We want to make sure that our tests are fairly assessing all the various demographic subgroups. All test publishers use differential item functioning analysis to identify questions that may discriminate against one group or another, but it requires a lot of data. Comparing boys and girls is an obvious choice because the data set is so big. But we only get data on which test-takers are boys or girls on about half of the assessments delivered, and we get even less response on information such as who is an English Learner, who has a disability, or who is a member of a racial or ethnic subgroup.
It has historically been up to users to decide if they want to share those data with us or not. Most schools choose not to. In part, that’s because the information is not directly helpful to them. It doesn’t help them assess students, so they don’t see much use in entering it.
To get those data, we have to go to each school or district individually and try to talk them into providing it. But this is protected personal information and schools are, quite reasonably, not eager to let those data go willy-nilly. Of course, we don’t need data that would identify students—just the demographic information—but the concern from schools is understandable and appropriate.
As schools see more and more utility in sharing data through secure systems with appropriate privacy protections in place, those data are becoming increasingly available. I’m optimistic that our recent acquisition of Schoolzilla will help us refine our assessments because the schools using it have already seen some benefit in sharing those data, and it’s already designed to separate the information we need from anything identifying the student personally.
Everyone’s trying to crack this nut, so I’m looking forward to seeing the progress we’ll make on it at Renaissance and in the field more broadly.
The future of assessment
Schools typically test kids at the beginning of the year to screen who’s high, who’s low, and who ought to get special treatment, and then at the end of the year to determine who learned and who didn’t. More frequent but less time-consuming assessments throughout the year can help guide differentiation and instruction. In cases that require frequent progress-monitoring, our Star Assessments can be used monthly or even as often as weekly, although three or four assessments throughout the year should be enough to help teachers make decisions about individual students’ instruction. The trend toward using assessments to guide instruction is pretty well developed here at Renaissance, but it continues to grow around the country. I think that is the direction that things will increasingly go in the coming years.
Kids will be grouped, and students will be treated similarly within their group, but differently across groups, in an effort to bring everyone to the same point of competency. It probably won’t fully succeed in bringing every student to the point we’d like to see them—it has never worked before in all the ways that have been tried—but I think it’s a much more promising approach that we should pursue vigorously in the near future.
Another approach that I think we’re going to see more of in the long term is embedded assessments. These are tests that are folded into instruction so as to be indistinguishable. In theory, students won’t even know they’re being assessed, and the results should be available to inform instruction almost immediately.
This concept is new enough that it needs to be validated more. There will be some surprises (both happy and disappointing) as it’s developed and refined, but we’re likely to see a great deal of evolution on embedded assessments.

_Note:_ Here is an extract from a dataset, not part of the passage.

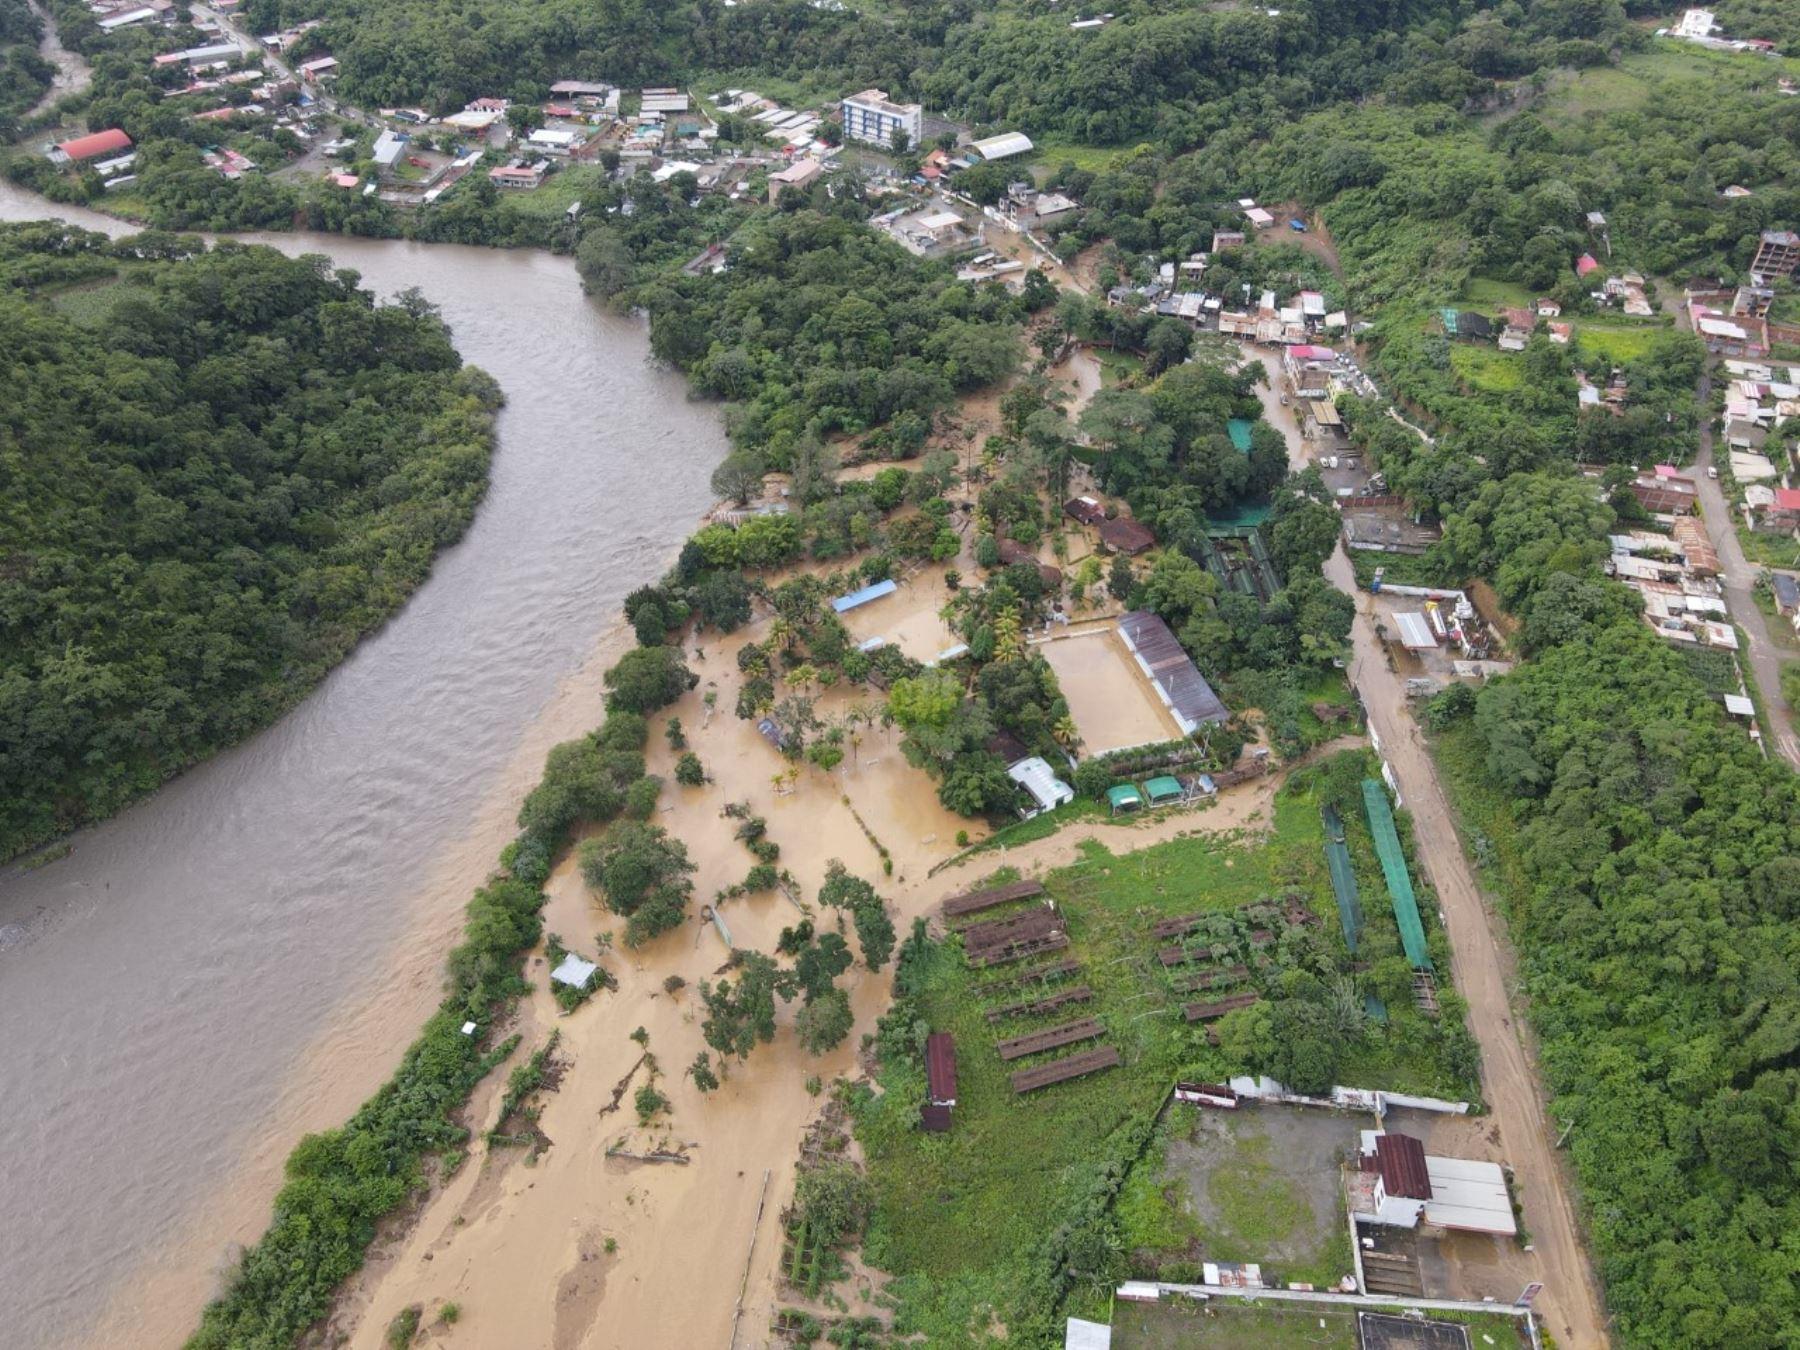 cusco-piden-declarar-en-emergencia-a-la-convencion-afectada-por-huaicos-y-lluvias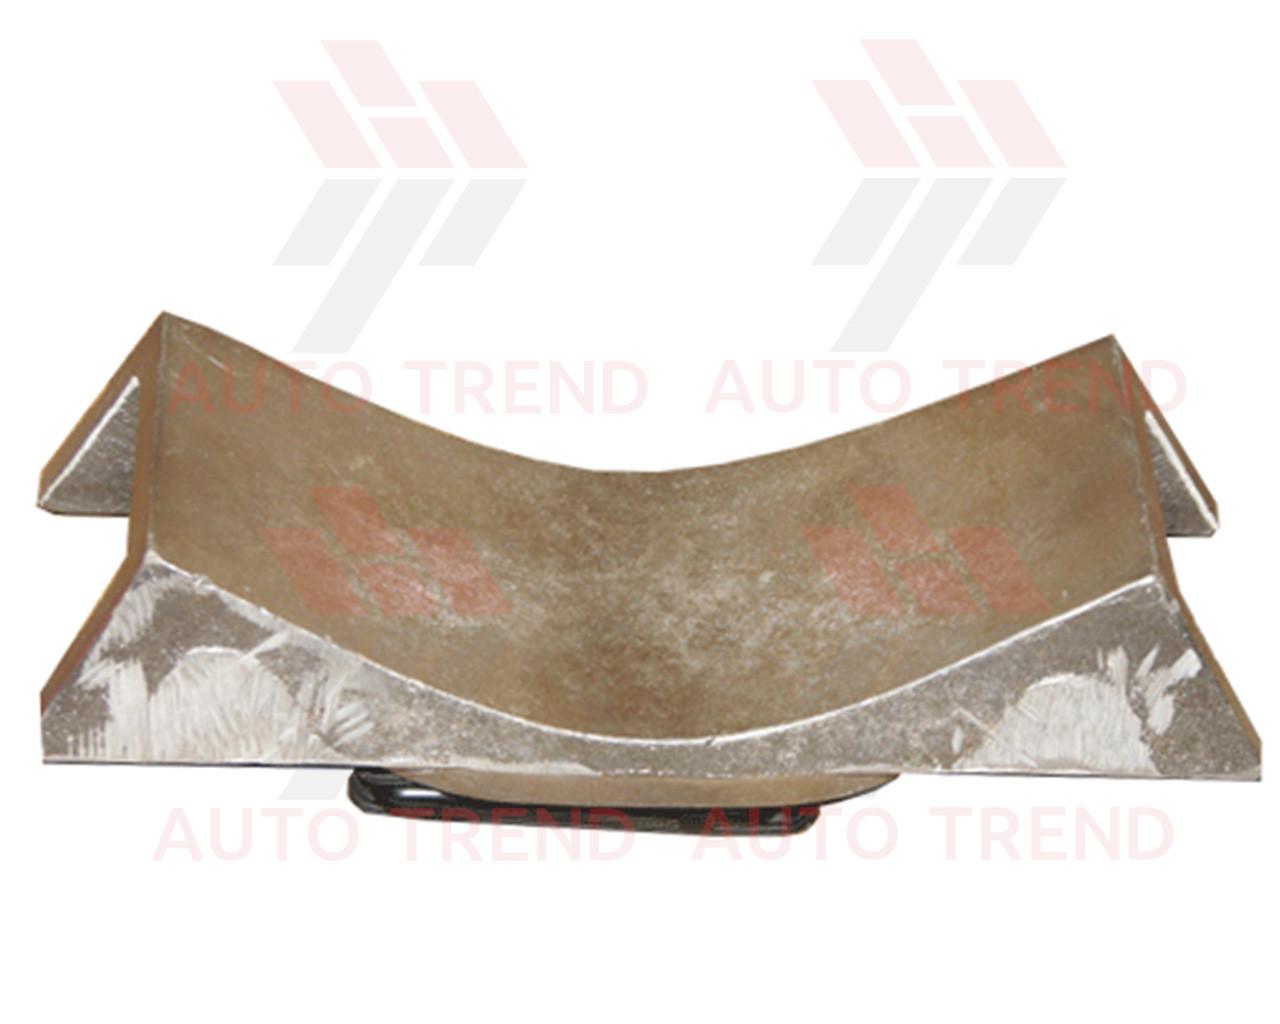 Плита профильная для ремонта крупногабаритных шин, ложемент 310х115мм, наружная, плечо

Increasingly, artificial intelligence (AI) applications are in development or used in educational settings, whether for assessment or instruction or a combination of the two. As with embedded assessments, the field still has a lot of shaking out to do, but it’s promising.
Again, I am optimistic while maintaining a healthy skepticism about changes like this. When new technologies come along, they need to be explored just as computer-adaptive testing was explored. CAT succeeded. A lot of other technologies have fallen by the wayside for one reason or another, and we’ll see that happen going forward again with other possibilities AI will open for us.
We need to be appropriately conscious of the fact that most exciting innovations will fall short for one reason or another. But that’s “old guy talk” that we don’t want to hear from the younger researchers exploring these new avenues. We need to encourage those innovators so they pursue the work that will uncover technologies and methodologies as effective as CAT.